What Can Other Companies Learn from Patagonia’s Model?

Patagonia “is in business to save our home planet.” We talked with Vincent Stanley, the company’s director of philosophy, about the lessons for Patagonia’s peers in its approach to doing business, which foregrounds values and seeks to solve environmental and social problems while making a profit.

A woman using a machine in front of a Patagonia sign, with a reflection in a nearby window

A Patagonia engineer testing fabric strength at Patagonia corporate headquarters campus in Ventura, California, in 2014.

Photo: David Walter Banks for The Washington Post via Getty Images
  • Vincent Stanley
    Director of Philosophy, Patagonia; Resident Fellow, Yale Center for Business and the Environment

Q: In 2012, you and Yvon Chouinard co-authored The Responsible Company: What We’ve Learned from Patagonia’s First 40 Years. Now, you have released The Future of the Responsible Company: What We’ve Learned from Patagonia’s First 50 Years. Why the new book?
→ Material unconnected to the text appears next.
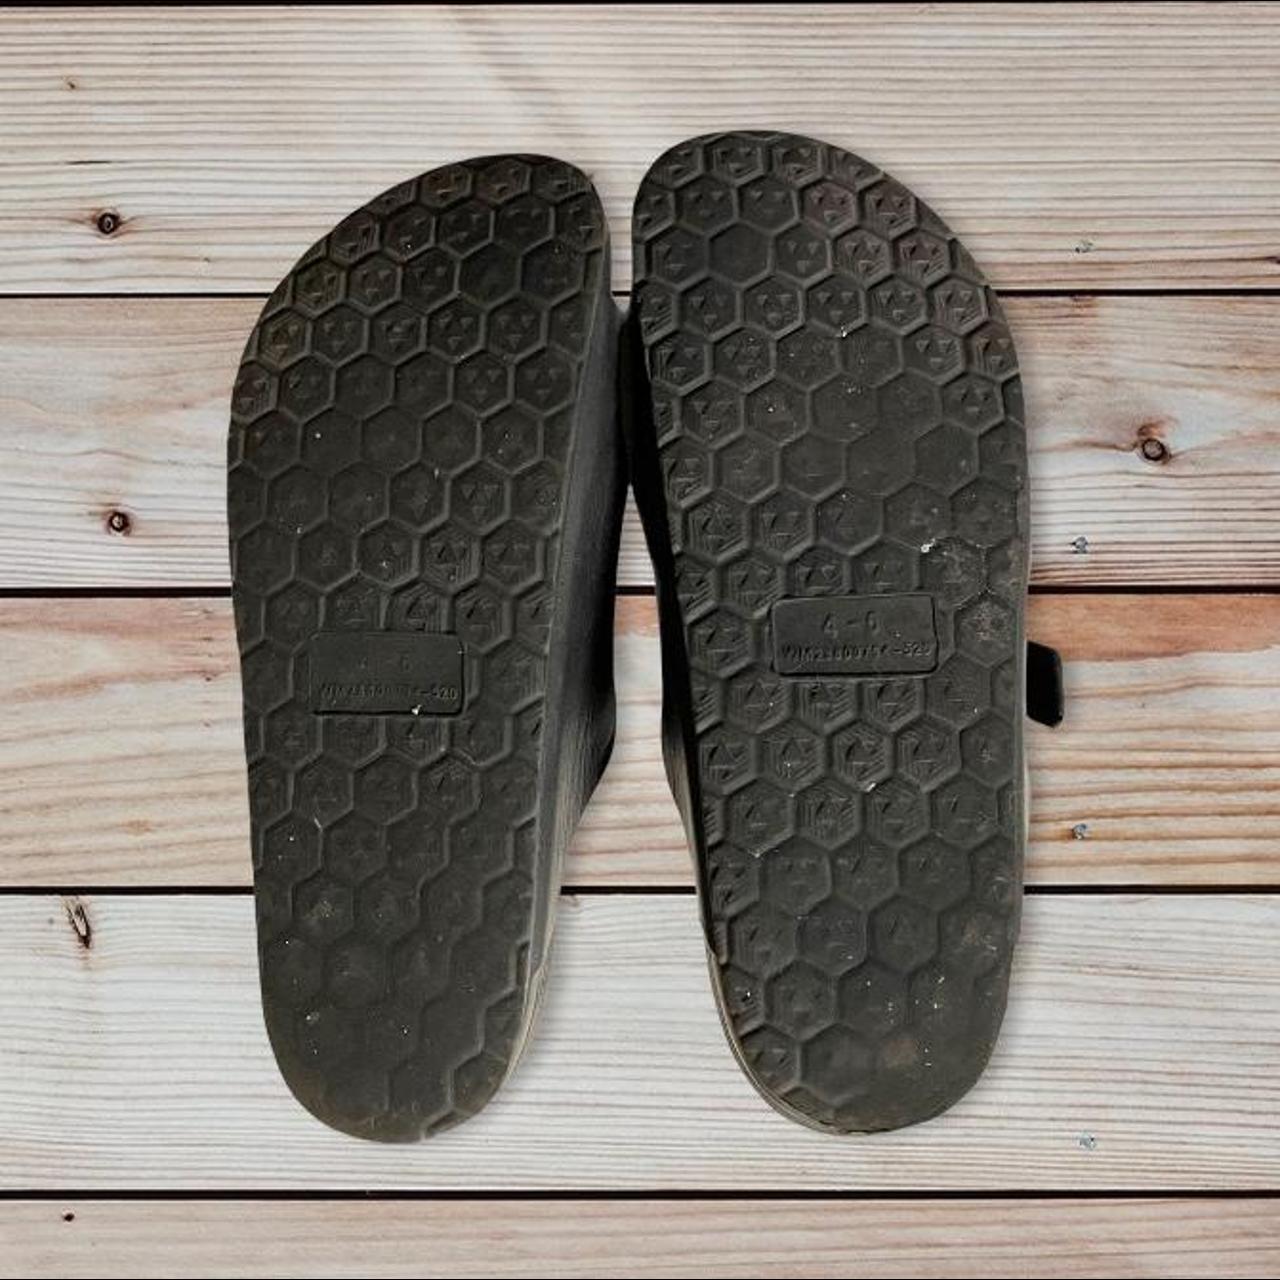 Product Image 2 - Black Birkenstock like sandals 
Used

So much of what is going on in the world is heartbreaking and scary. But there’s also so much learning going on. We now have the potential to deal with the environmental and social crises head on. We have the potential for real cooperation. We have the potential to create a better way to live.

We start the book with a quote from Gerald Amos, a leader of the Haisla Tribe in British Columbia, who says, “The most important right we have is the right to be responsible.” That capacity to act responsibly is something that every company shares, every human endeavor shares. Everybody can be responsible. Everybody can have agency. We can each say, “I’m part of a human community, we can respond to what we see and take action.”
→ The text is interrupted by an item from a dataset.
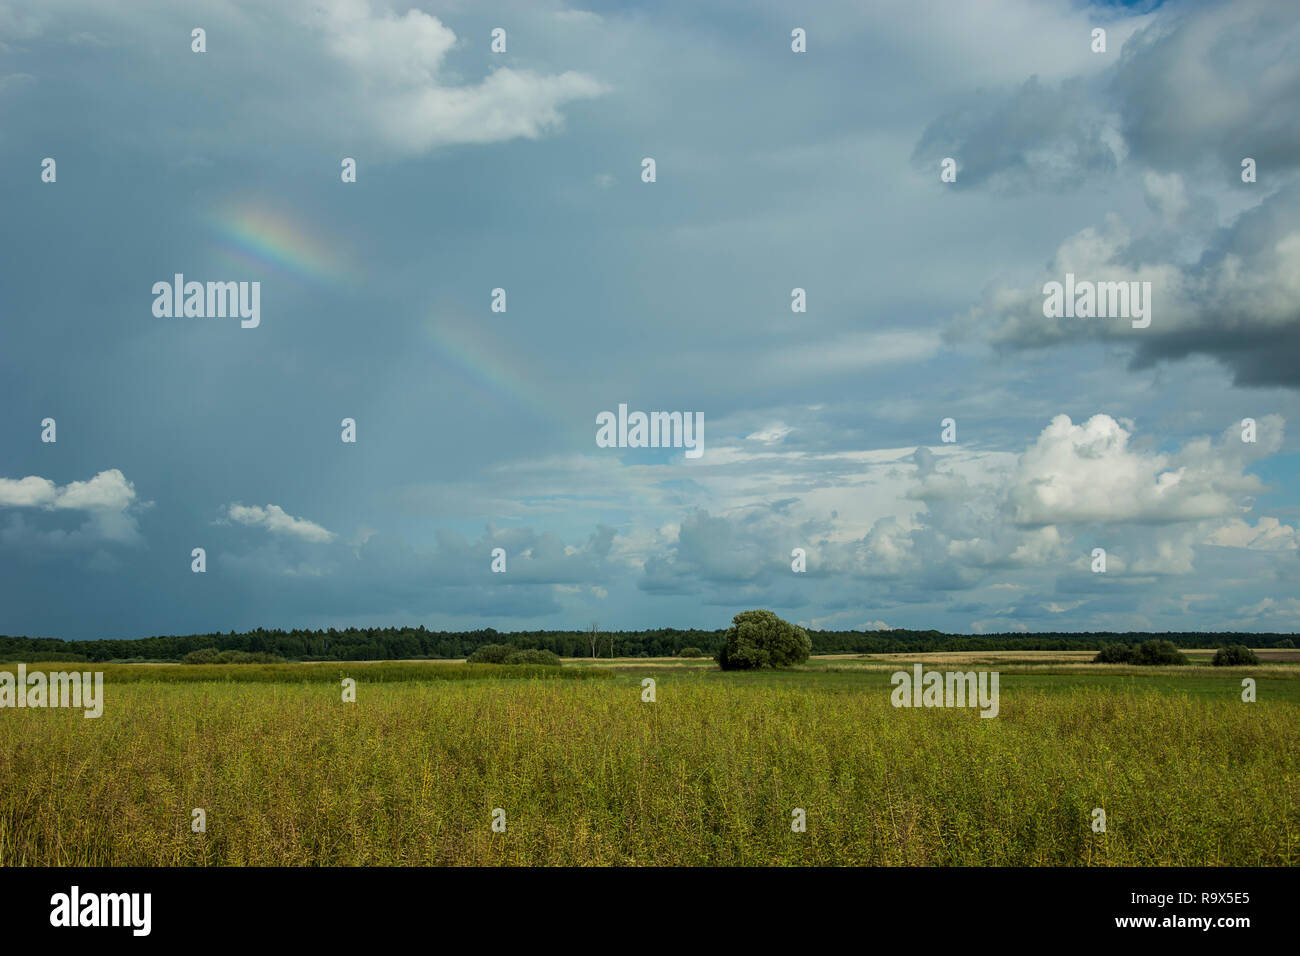 Feld mit Getreide, Horizont und Rainbow an einem bewölkten Himmel Stockfoto

So much of what is going on in the world is heartbreaking and scary. But there’s also so much learning going on. We now have the potential to deal with the environmental and social crises head on. We have the potential for real cooperation. We have the potential to create a better way to live. I think those possibilities grow out of lessons learned in the last 10 years.

The new edition of the book is a way to share what we’ve learned. And its focus on the future reflects the fact that the next 10-20 years will be critical.

Q: There’s a line in the book: “As we destroy nature, so we destroy our economy.” Would you expand on that?

Fundamentally, we’re living people on a living planet. The economies we’ve created depend on the underlying health of ecological systems. Every industrial system and every social system that we have depends on the health of nature. If we tear away radically at the web of life, the systems we depend on stop functioning. As we damage the living planet, we damage our own well-being.

Pope Francis put it eloquently in his 2015 encyclical Laudato si’: “We are faced not with two separate crises, one environmental and the other social, but rather with one complex crisis which is both social and environmental.”

Q: Climate change is the result of human activity shifting planetary systems. There are many aspects of the climate crisis that are complex, but you offer a straightforward call to action for business, “Harm done on an industrial scale needs to be reduced on an industrial scale.” What does that look like?

We’re in a crisis, so every business has to do its part. Every business should be looking at potential products and services that meet human needs and also help solve the problems that we’re facing.

We have a small food company, Patagonia Provisions. Its business model is that every product has to address some problem in the food system or in agriculture.

Patagonia came up with an alternative material for wetsuits that doesn’t have the environmental impacts associated with neoprene. It’s customary for an apparel company to take an exclusive on an innovative fabric for the first year. We made certain that it was offered to the industry as a whole immediately because we believe that, given the climate crisis, as companies learn how to solve environmental and social problems, the solutions need to be shared.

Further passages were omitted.